# mitsu turbo



## jmcmanus1 (Jul 17, 2002)

i have a chance to get a turbo from an eclipse pretty cheap and was wondering if i could order the hotshot turbo kit minus the turbo, and have it work. i know i would need new flanges in a couple spots. but besides that, would it work ok?


----------



## Harris (Nov 11, 2002)

If you get the right flange for the mitsu turbo, it will possibly work.


----------



## chimmike (Oct 17, 2002)

if you're going to get the hotshot kit, just get the whole hotshot kit. the turbo included is far better and they probably wouldn't knock much off the price.


----------



## jmcmanus1 (Jul 17, 2002)

if the kit is $4000, i am getting the turbo for $300, and they take $500 off for no turbo that is still $200 in savings. im not that rich where i could throw away $200


----------



## NotAnotherHonda (Aug 7, 2003)

your gonna get a used MITSU turbo for $300, when you can get a T25 for waaaaaaaaaay cheaper, and it will bolt right up? hmmm


----------



## himilefrontier (Jan 21, 2003)

The mods to the manifold will cost alot to have done and when you are finished, you will have a used turbo cobbled to a manifold and maybe save $100 in the process-if you are lucky! A good fabricator doesn't come cheap after all-especially since a stainless manifold will need to be TIG welded, not just MIG'd.If you are gonna spend all that money for the kit, saving $200 is false economy to put a used turbo on it that could have issues and at worst disintegrate and destroy your engine. Now for a ghetto setup, the Mitsu TDO4 is a good choice since you have to fab everything yourself anyways, but not a good choice to mate to an already good kit.


----------



## silvernismo (Jun 27, 2004)

whats up people
im new to nissans but not turbos and imports i have brought a few gsxs to the high 10s so please bear with me.

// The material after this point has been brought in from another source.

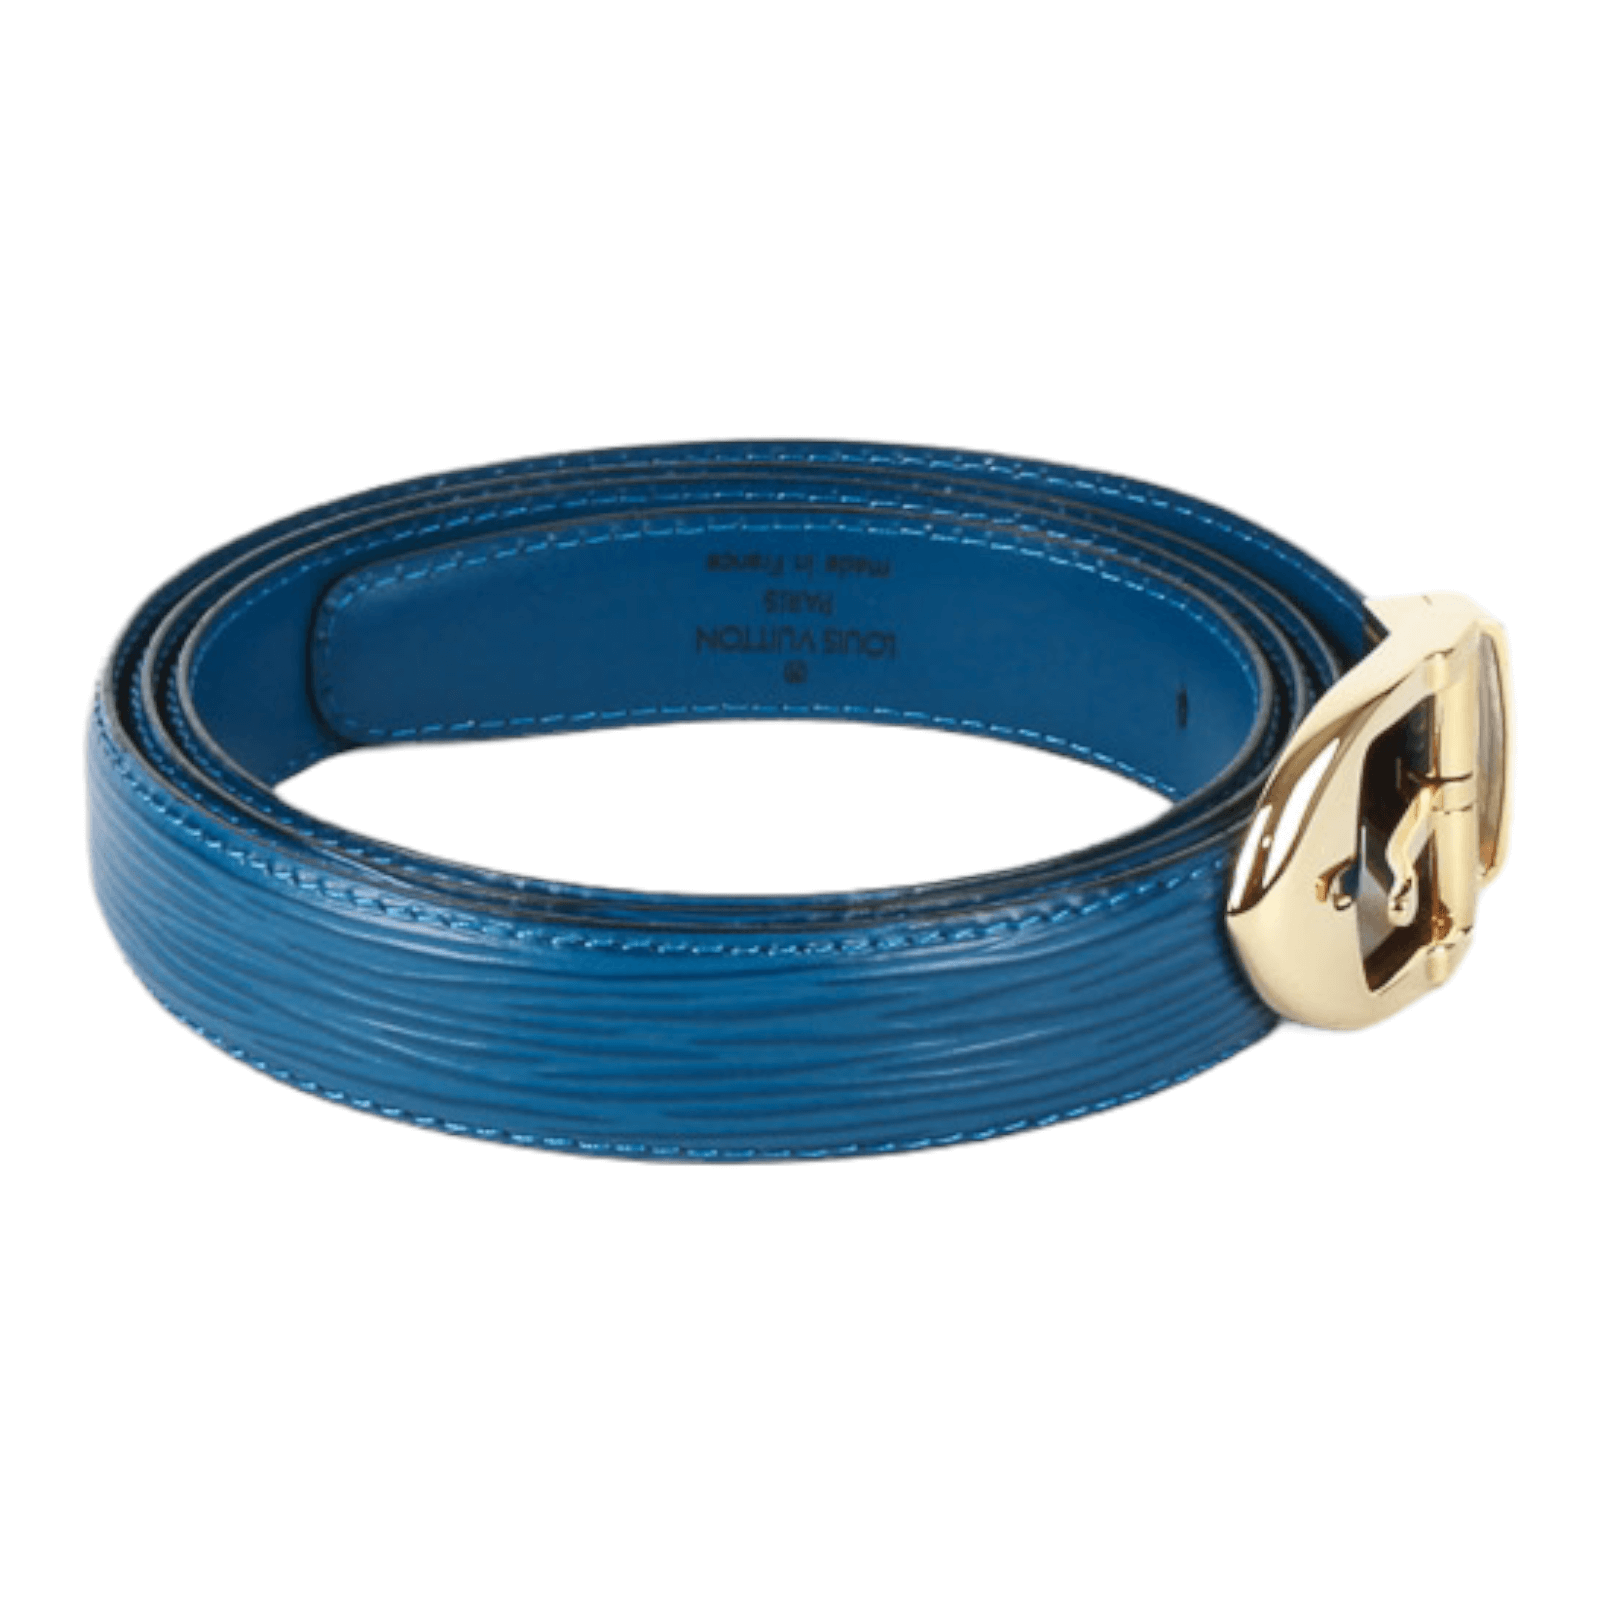 Authentic Louis Vuitton Vintage Blue Epi Belt Size 110 / 44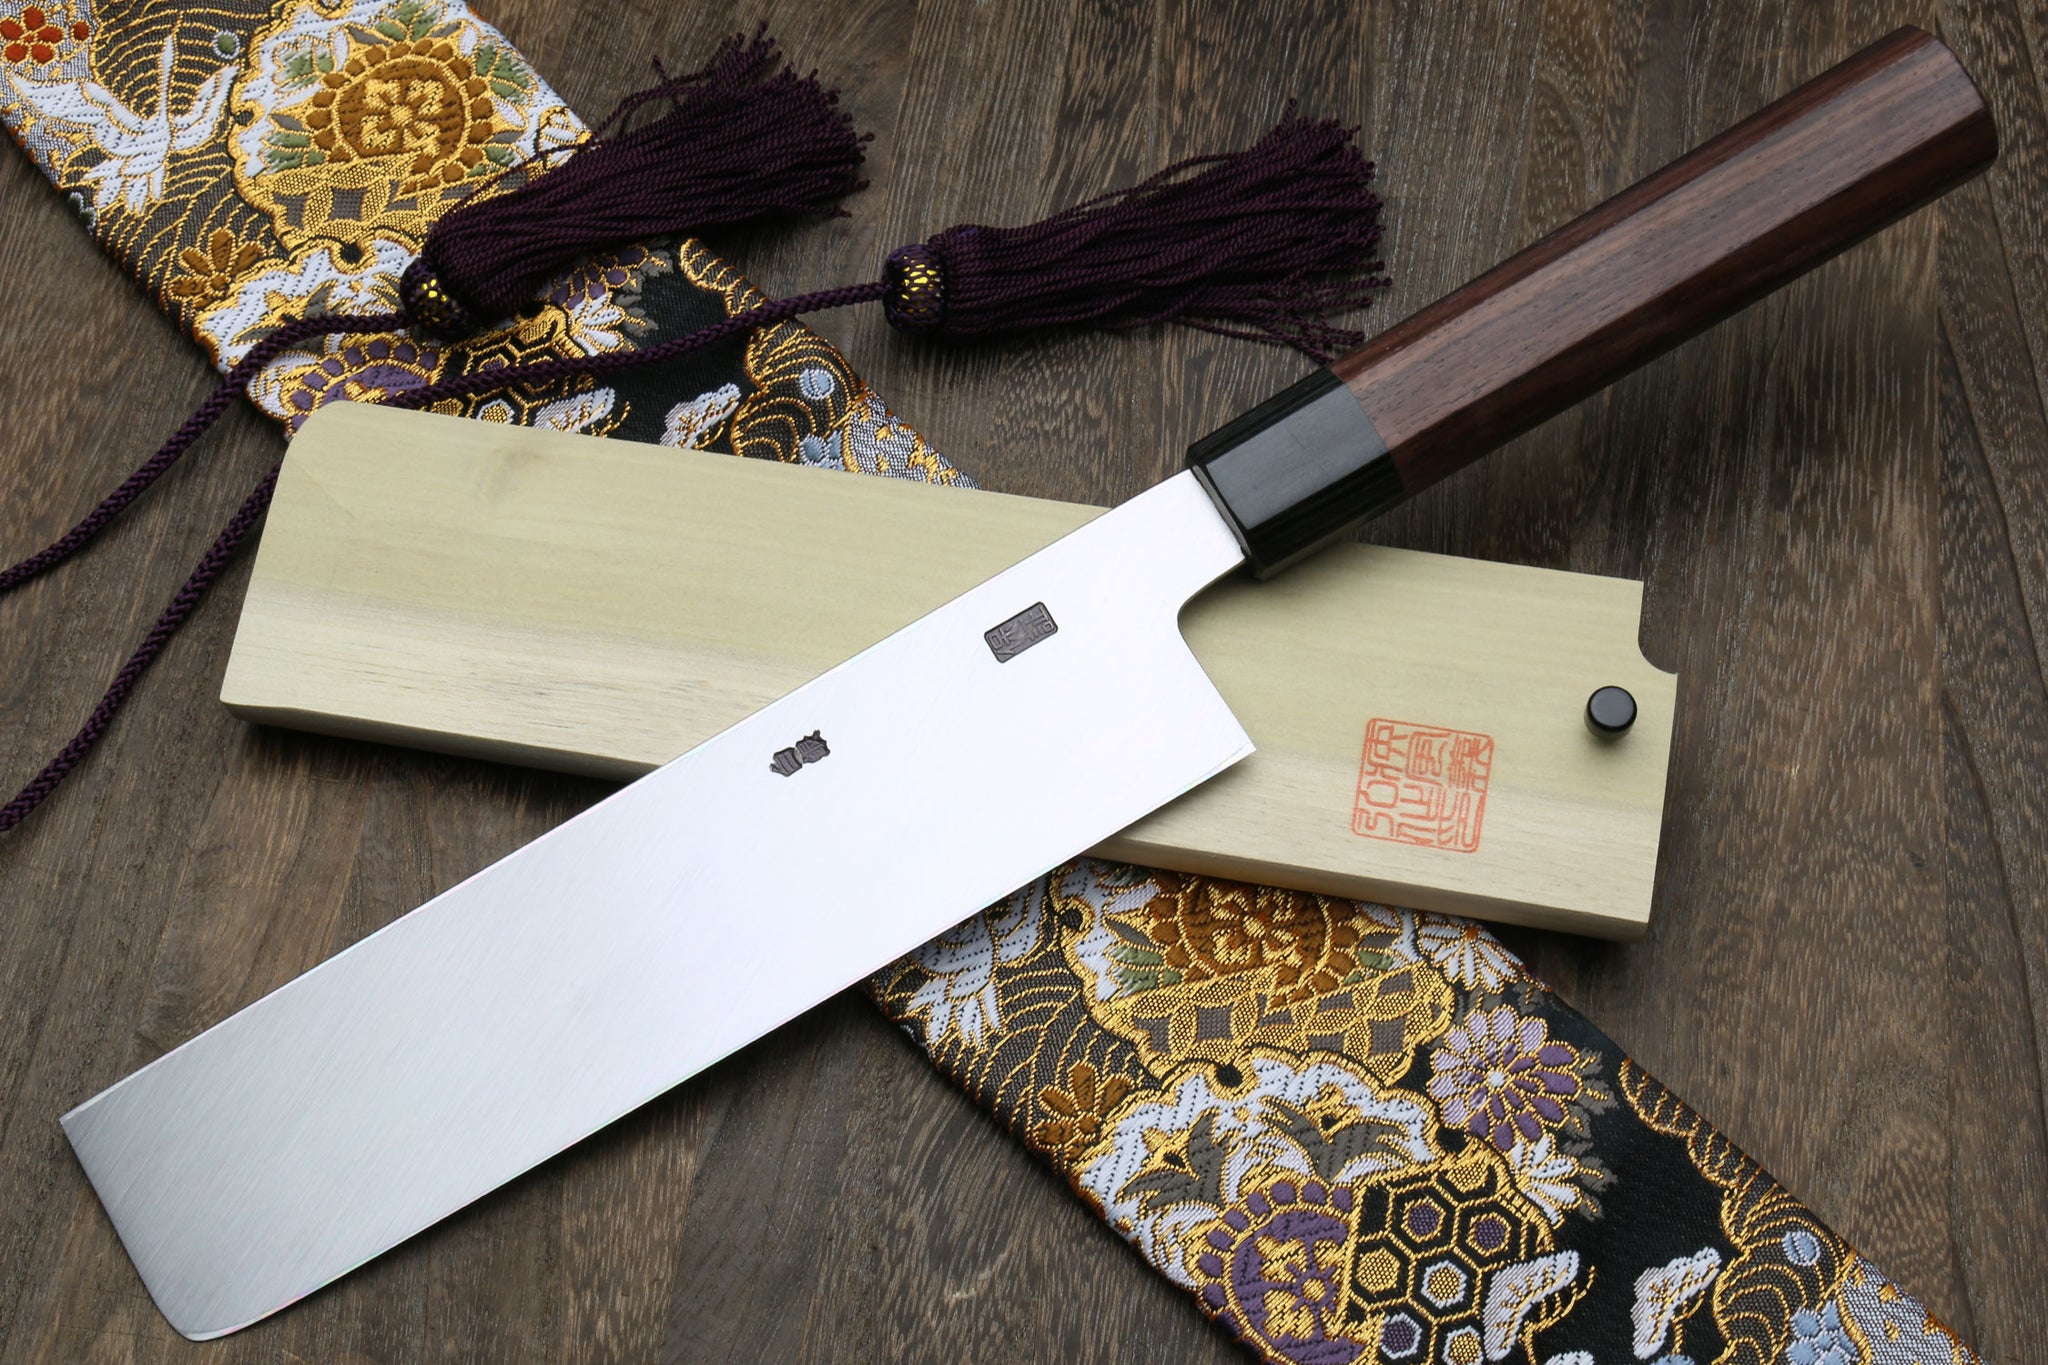 Heavily Used Knife vs Rust Eraser - Japanese Sabitori Usage and Whetstone  Polishing

You can get about any small turbo and it will work great for you
however,

1 without extensive modification to your engine you can only run 5-7 lbs

2 all you need in a nutshell is 

a turbo & nessary electronics
b fuel pump & injectors
c head gasket
d managment
e manifold & exhaust 
f piping ic and paitence

3 now comes the hard part fitment

4 make sure that you have time lots and lots of time


a mitsu td04 is the base turbo for the auto 2.0 its the smallest one mitsu make and it is very i mean VERY efficiant at 7-9 lbs

so it would work great dont worry about the stainless its too expensive to start with.

thanx


----------



## chimmike (Oct 17, 2002)

garrett turbos are a lot more numerous and much more popular and easy for use with Nissans. this is well known.


----------



## dburone (Apr 2, 2004)

NotAnotherHonda said:


> your gonna get a used MITSU turbo for $300, when you can get a T25 for waaaaaaaaaay cheaper, and it will bolt right up? hmmm


Where can you find a cheap turbo like you say???
I got my father in New Jersey looking around for som eturbo and he couldn't find one yet. Please help me if you can!!!


----------



## sliverstar (Feb 20, 2003)

Hey, guys I run the eclipse turbo on my car, I got mine for a song on dsmtrader.com. They work alright, but you got to change the wastegate or bend it. Mine is from a 98 gsx. I fabed everything, too. Always go jwt for tuning.


----------



## dave_f (Dec 11, 2002)

I am running a T25 from a 2nd gen eclipse, the biggest obstacle in fitting the turbo besides the proprietary Mitsubishi flanges was the orientation of the compressor output. I also had to modify the waste gate like sliverstar mentioned. I clocked the compressor housing and re-mounted the waste gate as well as reoriented the compressor outlet elbow.
-dave


----------



## sliverstar (Feb 20, 2003)

You can buy the flanges from many places burns stainless or rre. But, it'll be a pain to modify the hotshot one. if you decide to use it, have a mani made, it's just simpler. A good metal worker can mimic the hotshot one. Money money though just buy their whole kit.


----------